Random Rantings and Ravings from a Slow-Poke Runner in the Heart of the South. (A Weeekly (sort of) Blog about running and just about anything else)

Saturday, April 29, 2006

SETBACK

This week marked the first real setback I have experienced since blogging about my running. I occasionally have to deal with sore muscles and "catches" here and there. I am, after all, still a bit heavy for a runner. So I can't really say exactly when my left calf began to give me problems this week but I assume it was after my Monday workout, which consisted of a 6.3 mile run with about 9 minutes of hill running.

I remember feeling tight the next morning but it did not go away. It has gotten nothing but worse throughout the week so I skipped Friday's run, hoping the TWO-day rest would solve things. I tried ibuprofuin, stretching, icing, hot baths, icing and hot baths; but nothing seemed to help.

So when I woke up this morning and felt the all too familiar pain, I knew I didn't need to do my long run. That's right. With two skipped runs this week, my mileage totals only 14.5 miles.

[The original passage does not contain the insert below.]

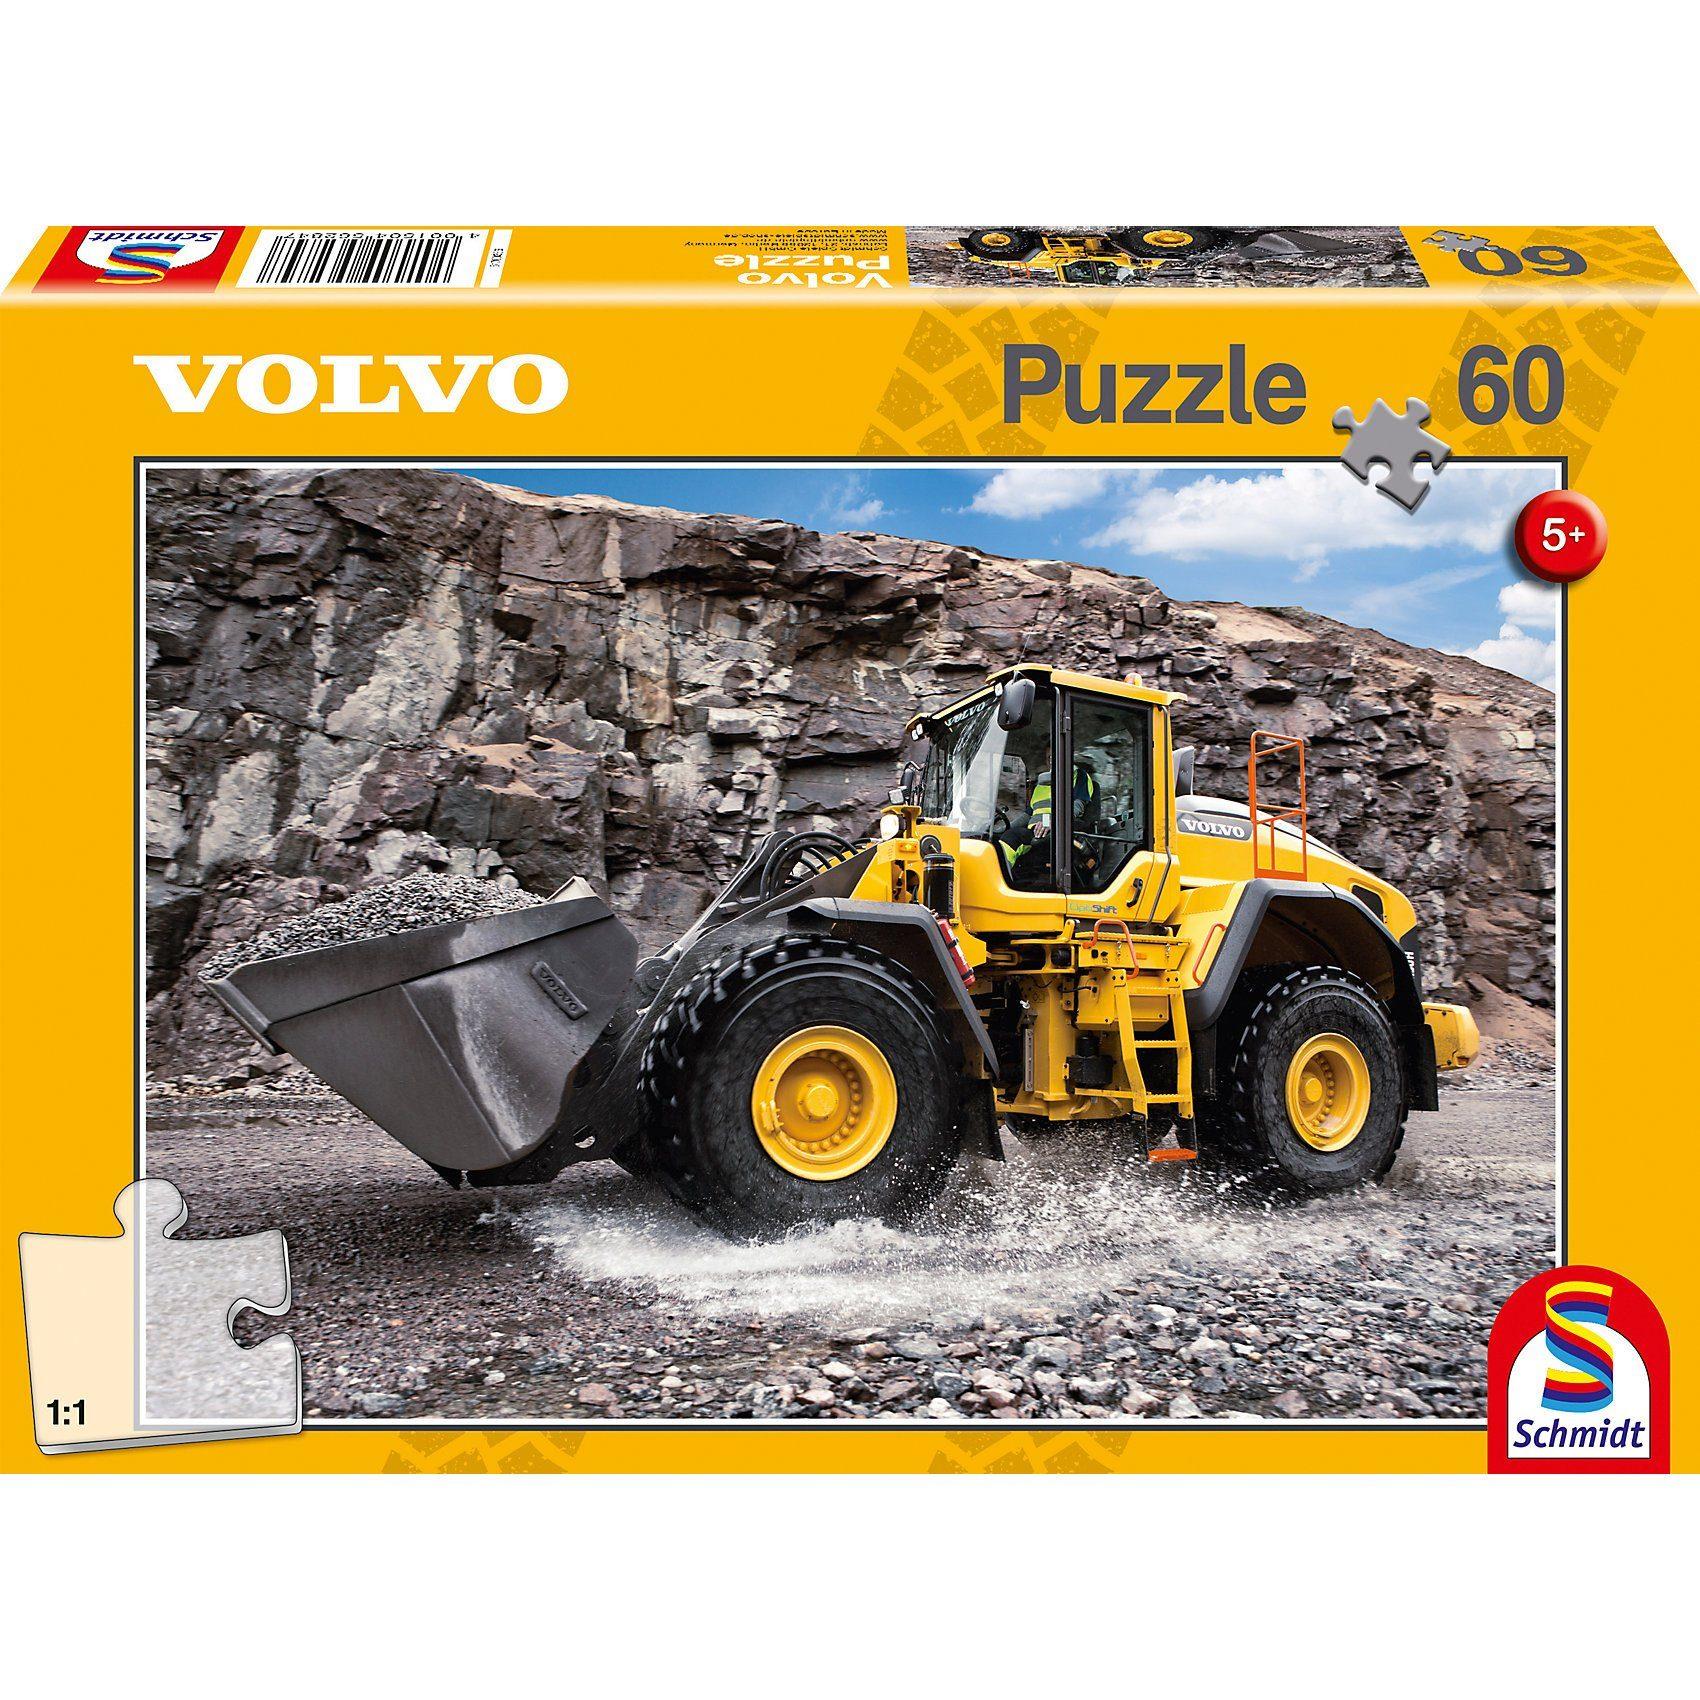 Schmidt Spiele Puzzle 60 Teile Volvo L150H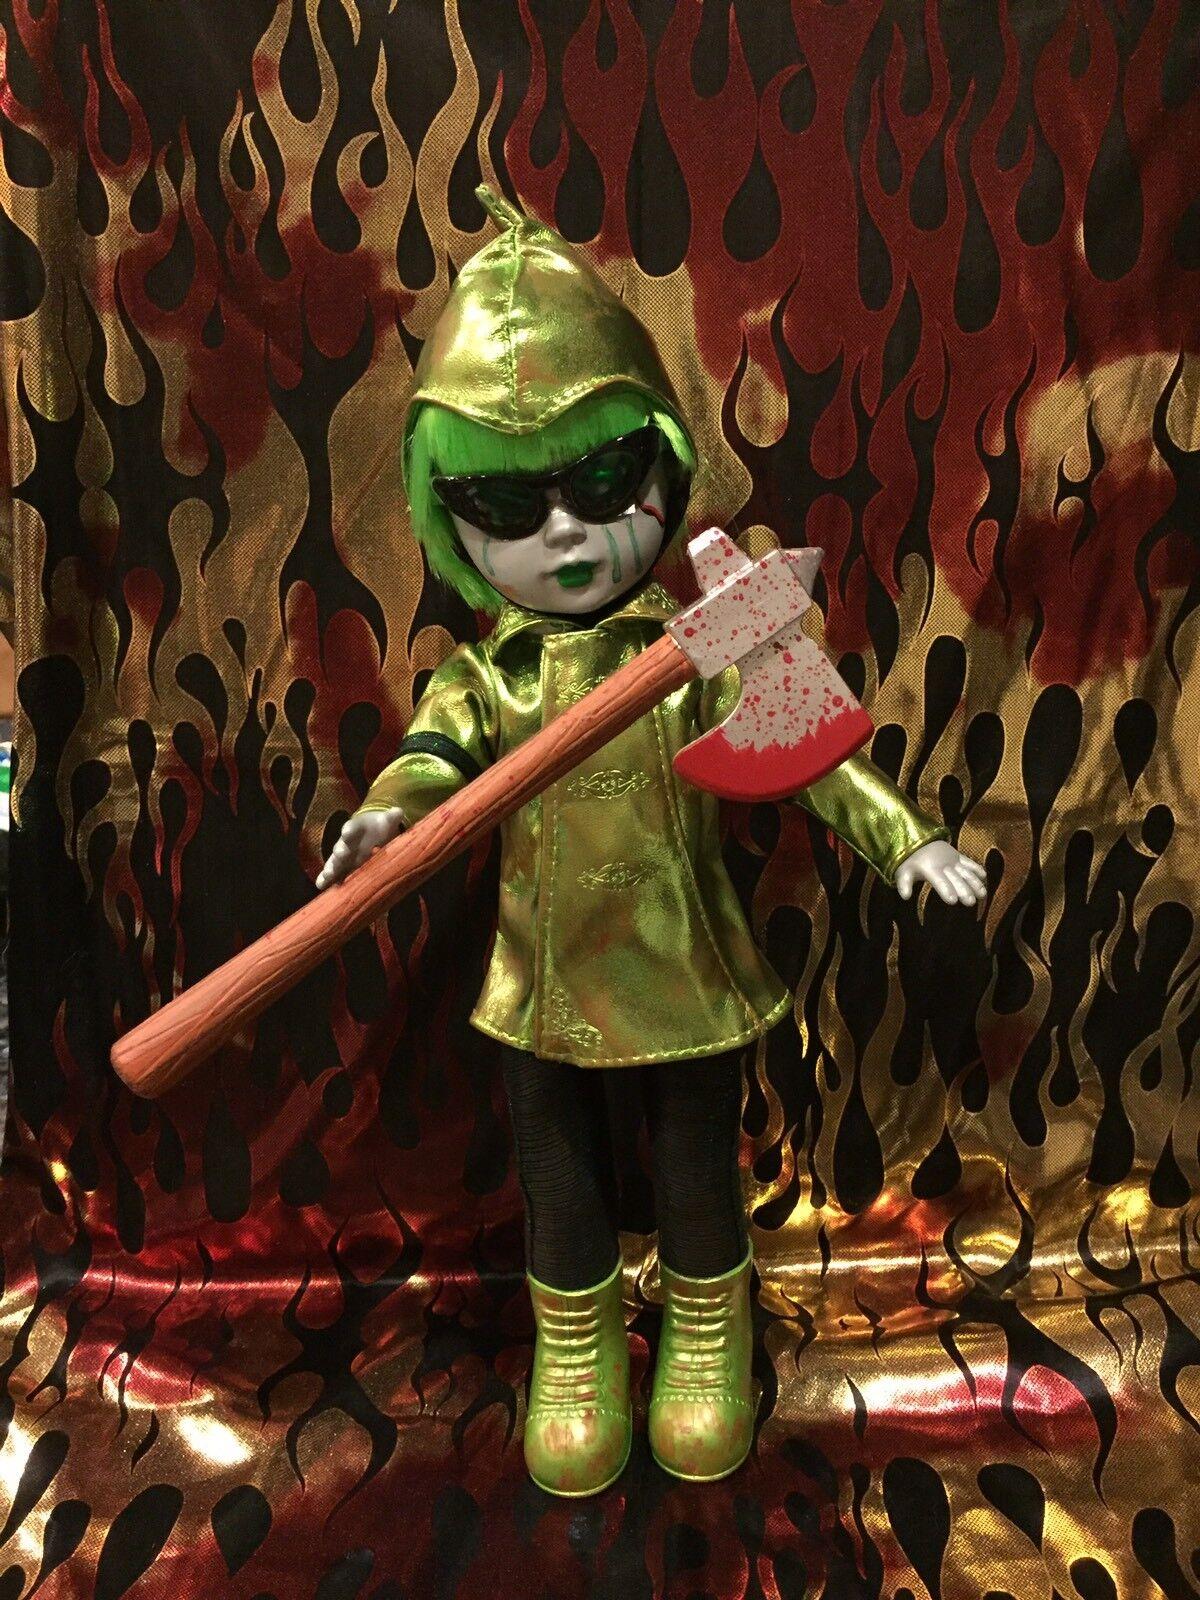 Mezco Toyz Living Dead Dolls Mago de Oz variantes Edición Limitada Envío Gratis

Only 14.5 miles with the 10k coming up in TWO WEEKS!!!

So I am a bit worried. The pain is a little different that just soreness. It feels like I injured it somehow. When I walk on it, I occasionally feel pain shoot further down my leg, sometimes into the bottom of my foot.

My wife tried messaging it and she and I could both feel knots down the outside-middle of the calf. She tried to message them out but it was VERY painful! It helped for a few minutes but it went back to normal after a while.

So I will give it a go Monday regardless. I will have to say it is a bit better today and maybe it IS something I just need to run through. With the 10K in only 2 weeks, I don't have much of a choice! :-(

2 Comments:

Anonymous Anonymous said...

Dude, i just randomly clicked on to your blog through complete runner or some such thing. I run trails in NY near Harrimon Park. Lots. Rough and rocky. Also do some road work as i plan to run a few 5ks and 10ks this season . . . keeps you honest.

Mostly, though, trail, which i love. Training for some longer distance runs as well.

Anyway, about that calf. Don't sweat it too much. Calves can be tricky but tend to heal quickly, unless you tore something. Do some gentle stretching where entend your legs out and you pull your toes fdown and orward toward you. This stretches your heel and calf, and you can do this while hanging loose in bed. As a matter of fact, this is a great stretch to do first thing in the morning when you wake to keep from hobbling around. It stretches out your heel and foot and calf.

Lots of gentle stretching will help condition your muscles. Also, work through the calf pain. You'll recover. Stretch on those down days.

good luck

david

6:23 PM

 
Blogger Shane (mississip) said...

Thanks for checking out my blog! Thanks for the suggestions - I have done a little stretching but probably not nearly enough. Hopefully its just a minor glitch that will just make this first 10K more memorable!